El disco es estático, la canción dinámica

“The thrill is gone
The thrill is gone away
The thrill is gone baby
The thrill is gone away
You know you done me wrong baby
And you’ll be sorry someday
The thrill is gone

It’s gone away from me
The thrill is gone baby
The thrill is gone away from me
Although I’ll still live on
But so lonely I’ll be”

The thrill is gone (Hawkins & Darnell)

Cuando un grupo o artista saca un disco las cosas cuenca volverán a ser igual. Es una pistola de un solo tiro: puedes acertar y publicar Blonde on blonde, The river o Yankee Hotel Foxtrot, o puedes hundirte antes de empezar o dilapidar tu reputación para siempre.

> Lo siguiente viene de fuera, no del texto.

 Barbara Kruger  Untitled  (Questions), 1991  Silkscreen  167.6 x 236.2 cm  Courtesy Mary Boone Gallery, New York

Pasarán los años y volverán a interpretarse las canciones que contenía si merecen la pena, pero no evolucionará: quedará fijado como el cuadro en la pared, a la que acudirás con frecuencia solamente si te encanta.
Las canciones por el contrario evolucionan con el tiempo: ni se crean ( a menudo ya estaban flotando en el ambiente o en los acordes de otros, que se lo pregunten a Led Zeppelin y su Stairway to heaven), ni se destruyen, solo se transforman.
The thrill is gone fue compuesta por Roy Hawkins y Rick Darnell en 1951, e incluida en un single del primero. Fue un absoluto fracaso. Durmió en un cajón, la sepultó el polvo y casi veinte años después el siempre avispado BB King la metió entre sus seis cuerdas y la publicó en su Completaly well de 1969. Aquella colección se notas y acordes se había convertido en una obra maestra en la guitarra y la garganta del grandón de Mississippi, que supo sacarle todo el jugo que aquella fresa ofrecía a lo largo de cuarenta años. Pero un buen día la cogió Aretha y su voz, entre las cinco más grandes que existieron sobre la tierra, la volvió a dar otra envoltura, otro tempo mucho más tranquilo, pero también mucho más atormentado.
Joe Pass, del que hace poco se cumplió su aniversario, amaba profundamente la forma de tocar la guitarra de King; él, otro de los más grandes guitarristas de la historia, grabó con Ella Fizgerald, en los años 70 varios discos imprescindibles ( Take love easy, Again). El último de ellos, Speak Low incluye una curiosa versión en que Pass injerta en la clásica versión de The thrill is gone de Lew Brown y Ray Henderson ( uno de los temas favoritos de Chet Baker) , el esqueje de la canción de Hawkins y Parnell popularizada por BB King. El resultado es asombroso.
Una buena canción , pulida y coloreada por un maestro acaba convirtiéndose en una joya que otros alquimistas irán transformando: versión a versión, arreglo a arreglo. Mientras haya talento.